Bike felt harsh compared to the test ride, so after investigating I found that the bike was shipped with a hard spring installed ( 40 lb/in ) so swapped to the medium spring ( 25lb/in ) which comes with the bike as a spare

Much better.

Specialized recommend the medium ( black ) spring for most use so cant understand why the bikes are shipping with the hard ( yellow ) spring installed


----------



## 11spd (Sep 3, 2015)

Any pics of your S-works bike? Possible...that the S-works bike which is top of the Roubaix food chain with most racing bias is shipped with the heavy spring whereas lessor models are shipped with the medium spring rate shock. Conjecture only.

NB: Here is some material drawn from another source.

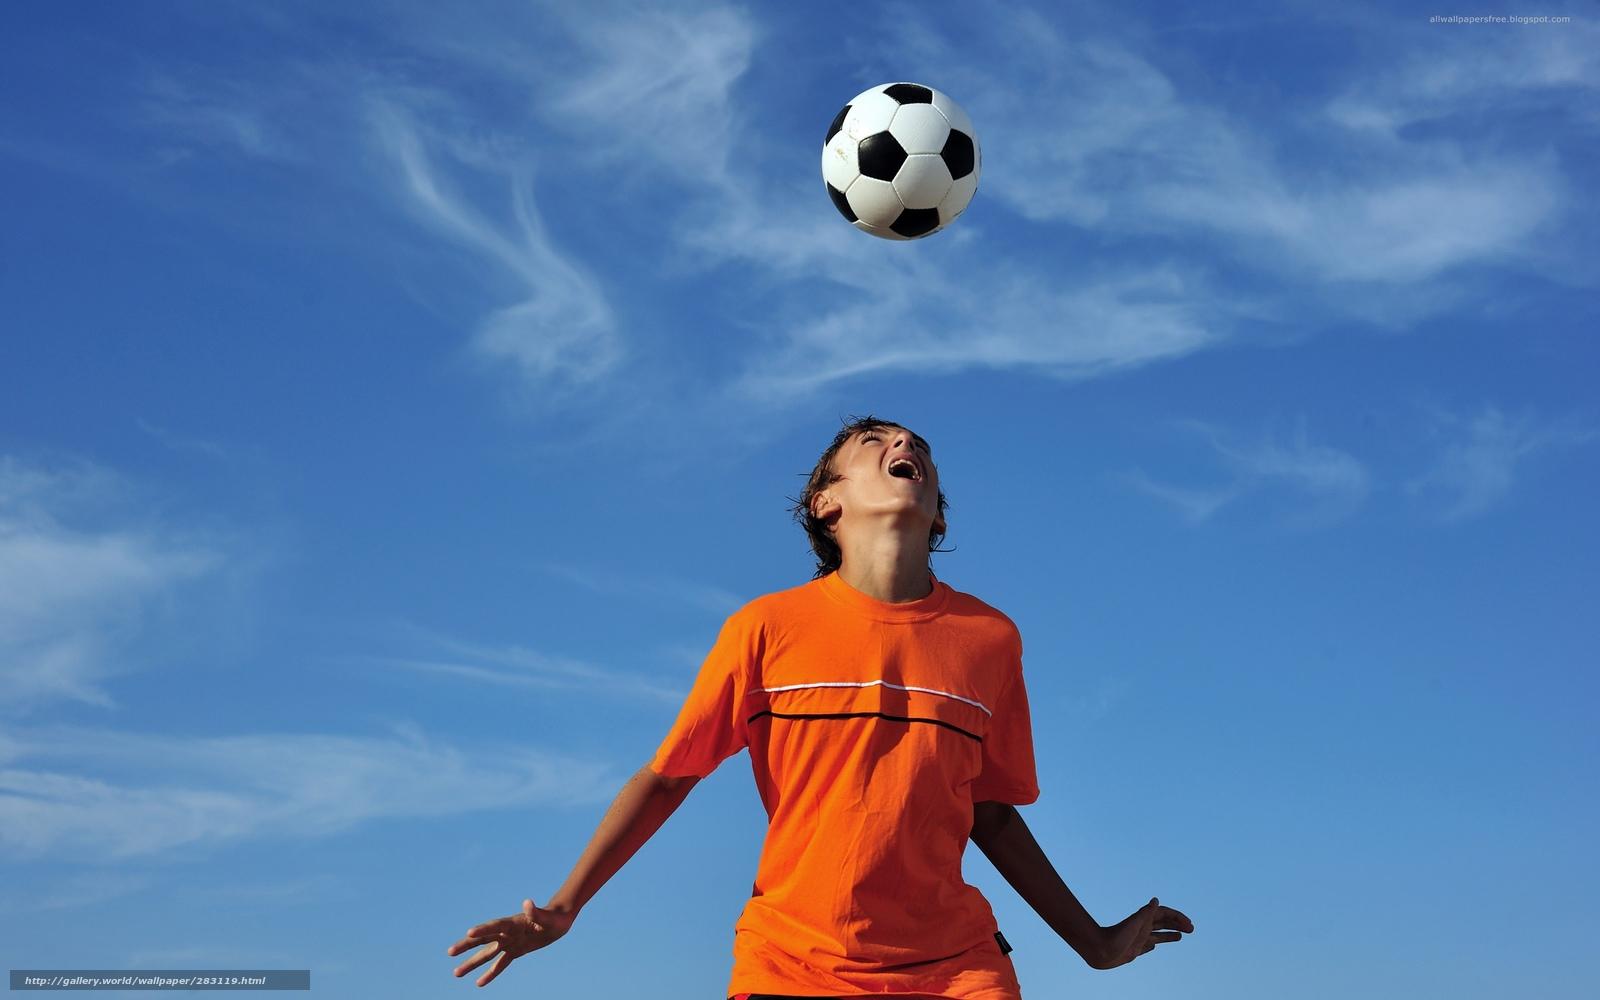 Soccer wallpaper hd 2014

Congrats on favorite new bike. I like the bike so much...I own a Roubaix SL3 pro...I may pick one up at some point.


----------



## carrock (Aug 10, 2009)

11spd said:


> Any pics of your S-works bike? Possible...that the S-works bike which is top of the Roubaix food chain with most racing bias is shipped with the heavy spring whereas lessor models are shipped with the medium spring rate shock. Conjecture only.
> 
> Congrats on favorite new bike. I like the bike so much...I own a Roubaix SL3 pro...I may pick one up at some point.

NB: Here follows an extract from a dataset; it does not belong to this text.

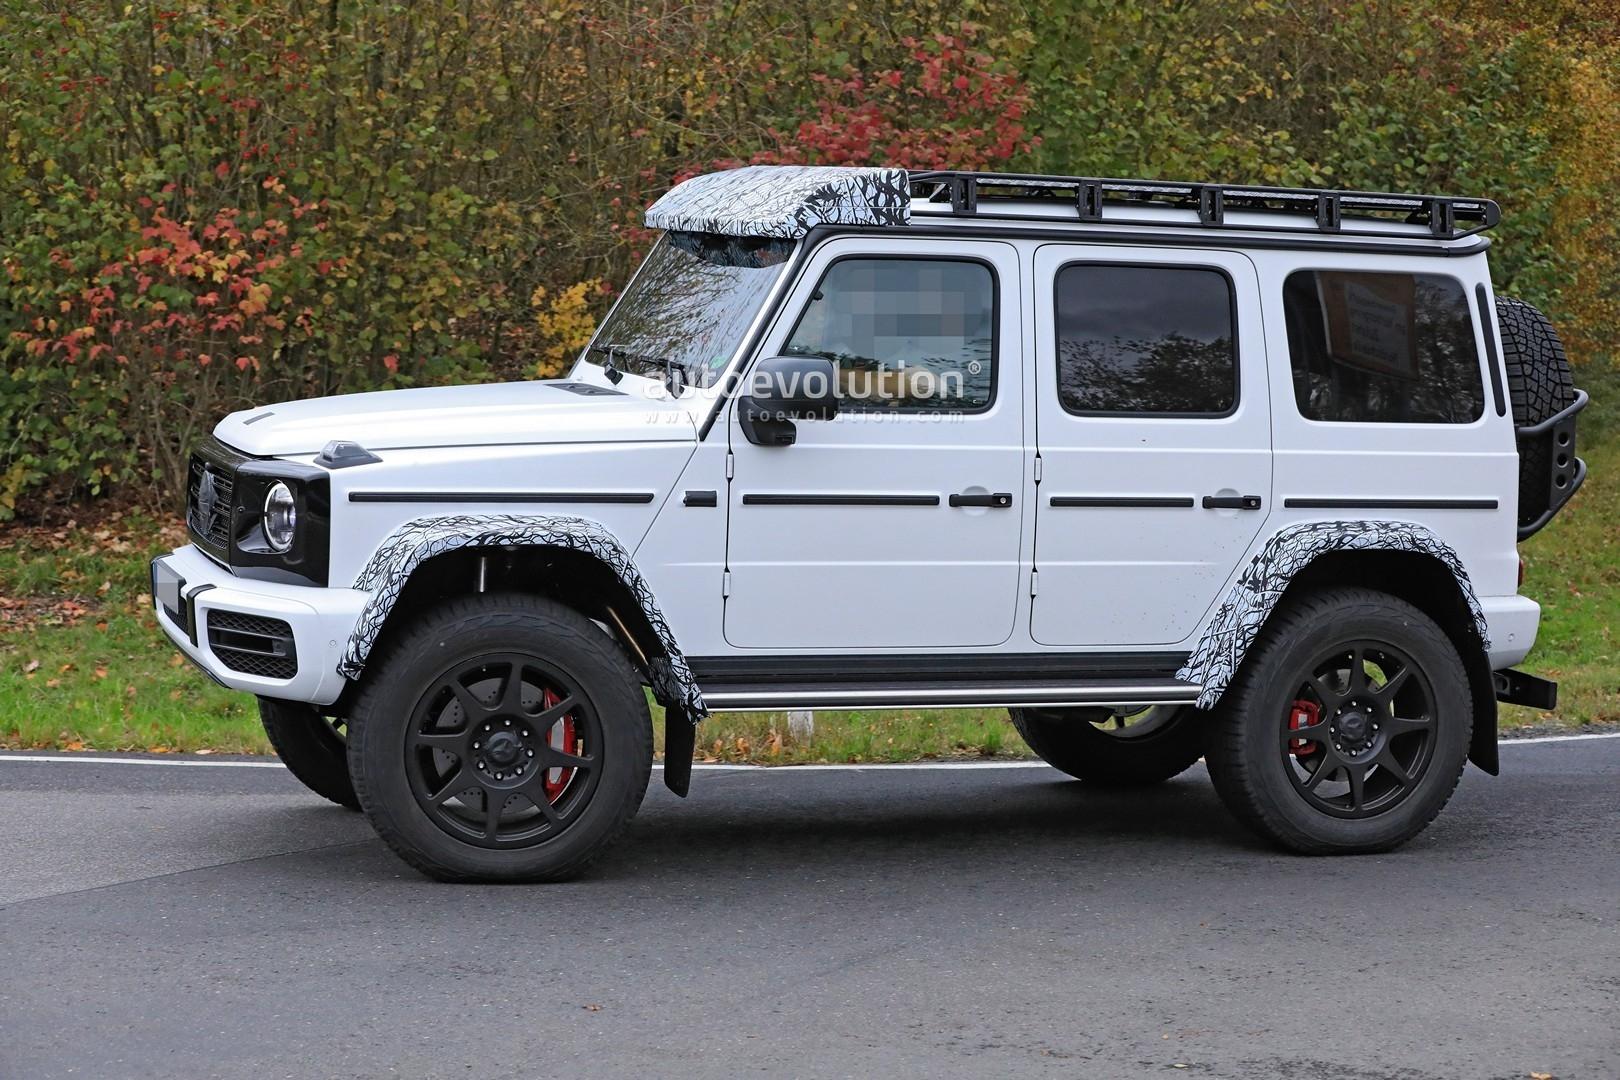 Mercedes-Benz G550 4×4² 2022 foto spia

Could be right. I graduated from a Roubaix Elite, to Roubaix SL2 Pro, then SL3 S works, to 2017 S Works. I will post a review elsewhere. Here is a pic. I didnt like the bright red seat or black bar tape so swapped for white


----------



## 11spd (Sep 3, 2015)

Quite a bike, congrats!




carrock said:


> Could be right. I graduated from a Roubaix Elite, to Roubaix SL2 Pro, then SL3 S works, to 2017 S Works. I will post a review elsewhere. Here is a pic. I didnt like the bright red seat or black bar tape so swapped for white


----------



## 73Bronco (May 24, 2015)

Per my LBS, they come with the hard spring installed because most people get a feel for it on the show room floor. I.e. not riding the bike. The difference is a lot more body weight compared to when riding the bike. 

Sent from my SAMSUNG-SM-G891A using Tapatalk


----------



## 11spd (Sep 3, 2015)

73Bronco said:


> Per my LBS, they come with the hard spring installed because most people get a feel for it on the show room floor. I.e. not riding the bike. The difference is a lot more body weight compared to when riding the bike.
> 
> Sent from my SAMSUNG-SM-G891A using Tapatalk


Forgive me, but as comes out of the mouths of too many bike shops, that sounds like utter BS. To change a shock after a customer buys a bike because of the feel of the shock on the shop floor? Ah, no.

I do agree and most report that the medium shock is preferred to the stiff shock because of amount of weight on the front end for most people...but not all. The more aggressive the position, the more the weight on the hands and more aggressive riders 'may' prefer the stiffest shock. But as reported, most will prefer the medium spring rate.


----------



## 73Bronco (May 24, 2015)

11spd said:


> Forgive me, but as comes out of the mouths of too many bike shops, that sounds like utter BS. To change a shock after a customer buys a bike because of the feel of the shock on the shop floor? Ah, no.


If I had to guess, the avg joe will base their initial impression on how it feels on the shop floor. So if it feels to soft, they are likely to think it will be spongy underneath them and be turned off by the bike. 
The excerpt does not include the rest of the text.